Finding the right staff

To be effective, recruitment must always take place in the context of the broader business – and nowhere is this more evident than in looking for staff who are capable of taking an all-encompassing view of revenue and margin performance.

The Life Sciences industry as a whole is going through a period of transformation, in which providers are coming under unprecedented pricing and volume pressures. They are having to learn how to adapt to new commercial realities, with little or no previous experience of this harsher landscape.

At the same time, specialists with these skills are likely to know their own value and will examine carefully any business looking to take advantage of their expertise. It is one thing to recognise new skills are needed: it is quite another to create a structure and provide supporting resources to enable this expertise to deliver best value to the business.

In response, it is very tempting to take a ‘sticking plaster’ approach to the problem as a first step, by deciding to take on one or two pricing managers and have them report into the commercial or finance team. Experience to-date shows that this will have limited success, for a number of reasons.

Without ownership at a senior level and a mandate to drive cross-functional change, the pricing organisation will not have the authority to create and implement sustainable operational enhancement throughout a business which remains essentially siloed in its approach to pricing and profit optimisation. Equally importantly, the newly-appointed specialists will quickly become disillusioned and move on or, if they have done their homework at interview stage, simply not accept the appointment in the first place.

By contrast, those organisations that have successfully put in place revenue lifecycle management initiatives that have led to sustainable revenue and profit performance improvements have typically embraced this challenge. They have recognised the highly transformational nature of breaking down functional and other organisational silos, by making the CFO and CEO directly responsible for sponsoring the required steps, so very visibly prioritising pricing within the business as a strategic, cross-functional and urgent initiative.

Evolutionary change

Companies should not be scared off by the apparent scale of the challenge of implementing end-to-end revenue management

Having said that, companies should not be scared off by the apparent scale of the challenge of implementing end-to-end revenue management.

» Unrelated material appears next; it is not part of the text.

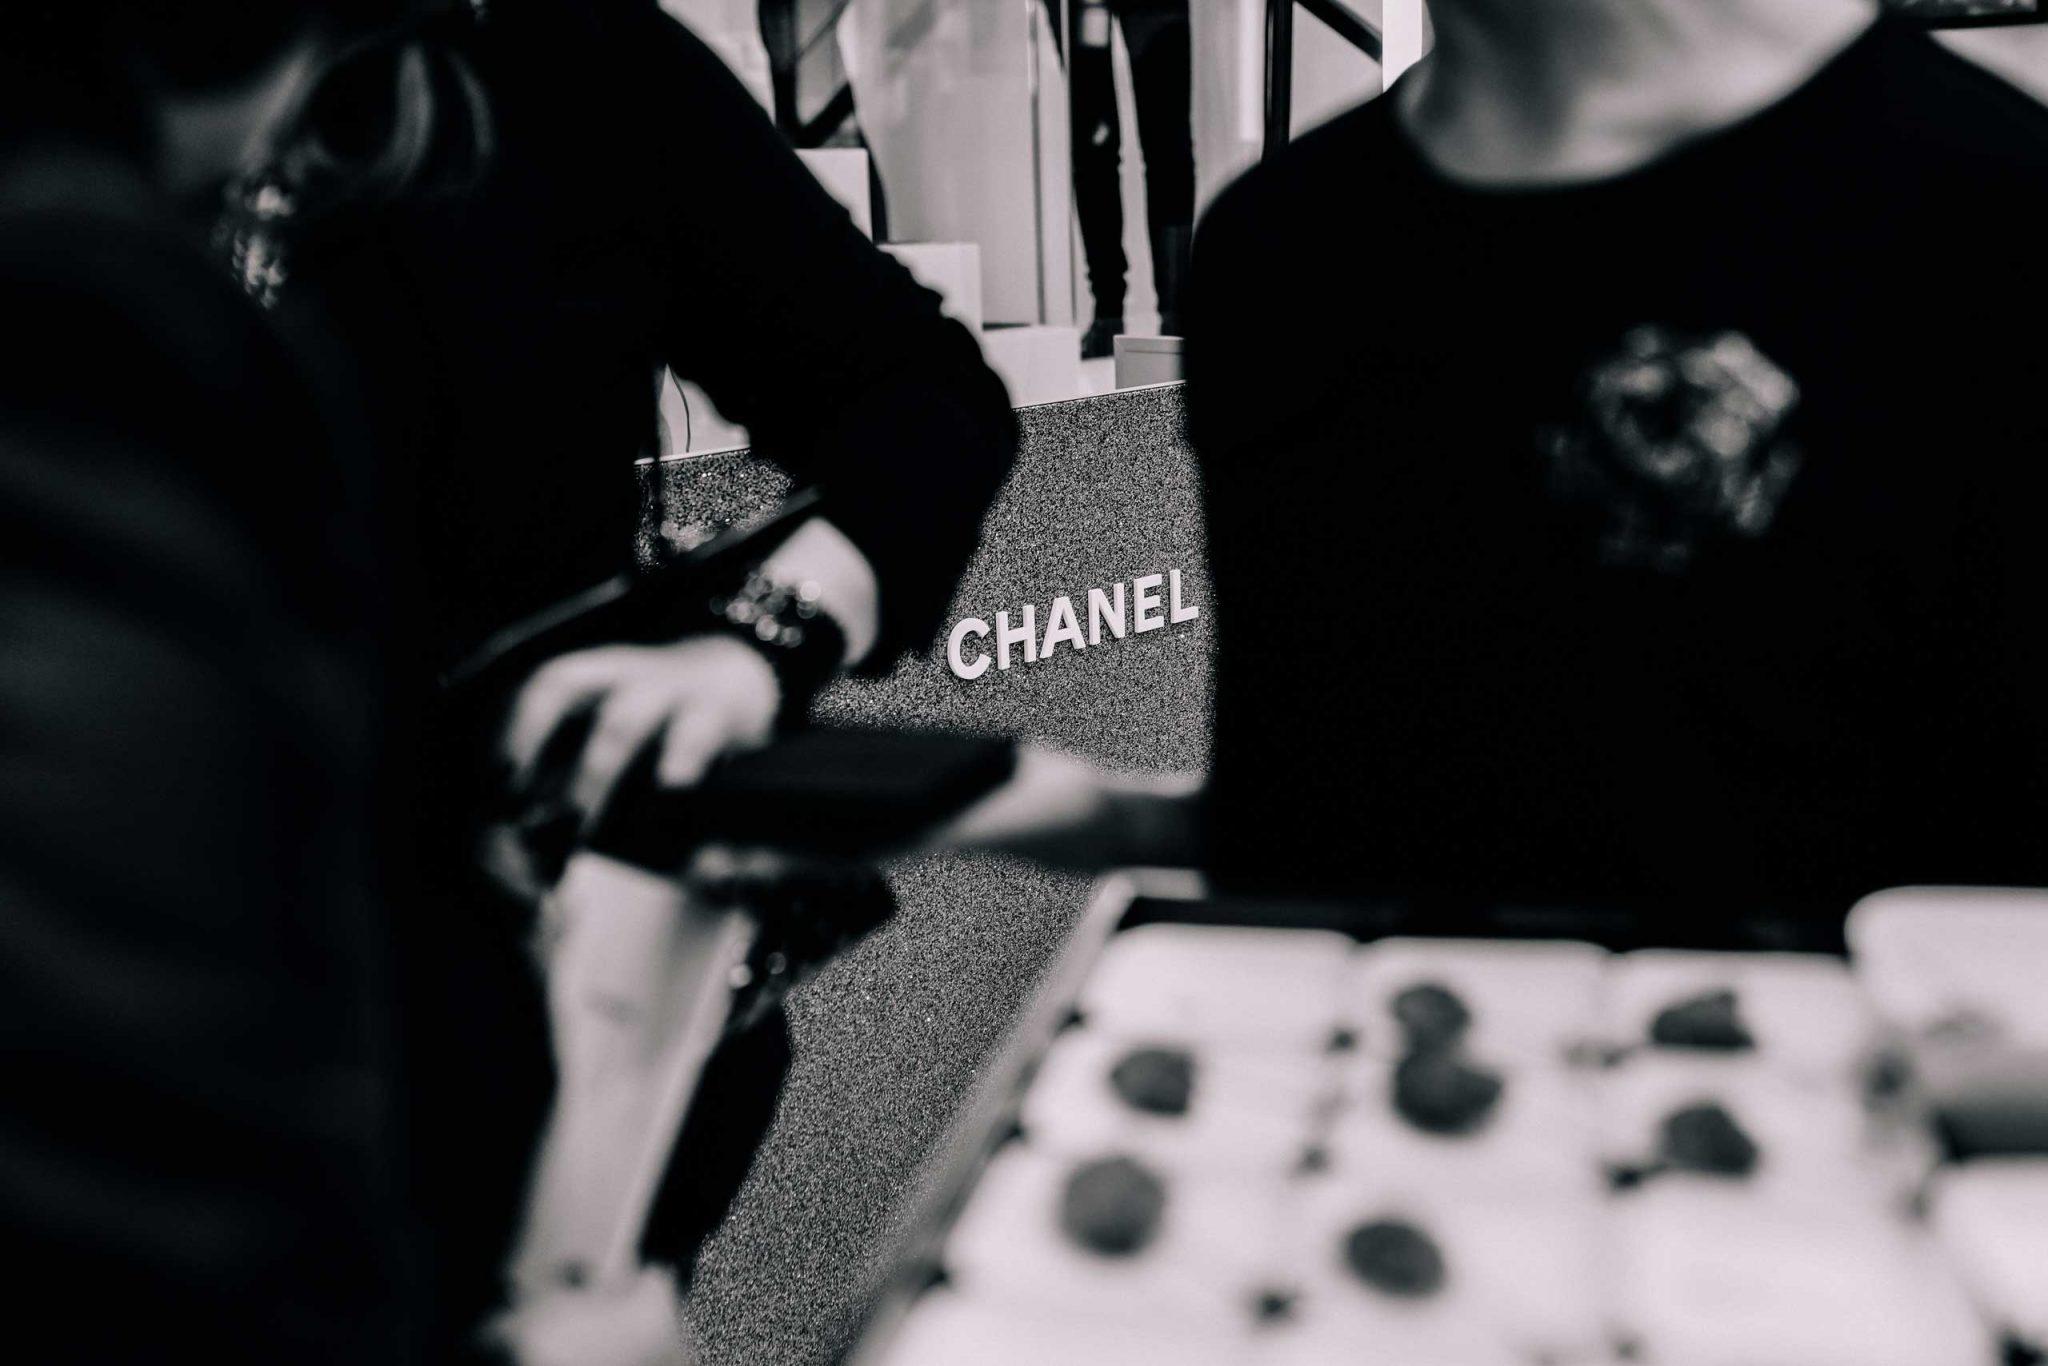 Chanel_Boutique_Cocktail_event_Ilsoo_van_Dijk_07122019-00915

It is true that in newer aspects of business development such as tender management, there is a dearth of skills within the Life Sciences industry. Yet other sectors such as hospitality and airlines, for example, are much more advanced in revenue management and have a wealth of expertise which can readily transfer across operating environments.

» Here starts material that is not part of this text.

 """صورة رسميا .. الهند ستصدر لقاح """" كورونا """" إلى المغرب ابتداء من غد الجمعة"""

Yet in other areas such as reference pricing, the move towards an end-to-end pricing approach is more evolutionary. In many cases there are likely to be skills already in the business that can be honed and adapted to meet the new challenges facing the enterprise’s top and bottom line performance.

The right recipe

As in any recipe, success demands the right ingredients, all of which are essential to some degree to ensure the right result – in this case putting price and profit optimisation and revenue management at the centre of the organisation’s development strategy.

Identifying and putting in place the right talent and resources is one of several key ingredients, which include an appropriate strategy, the right processes and organisational structure, as well as  supporting technologies and toolsets.

To achieve this, Life Sciences firms may need to look outside the industry for some specialist skills. Yet with the right top-down vision, impetus and companywide support, there is almost certainly a pool of talent within the existing business capable of embracing a more strategic approach to revenue management.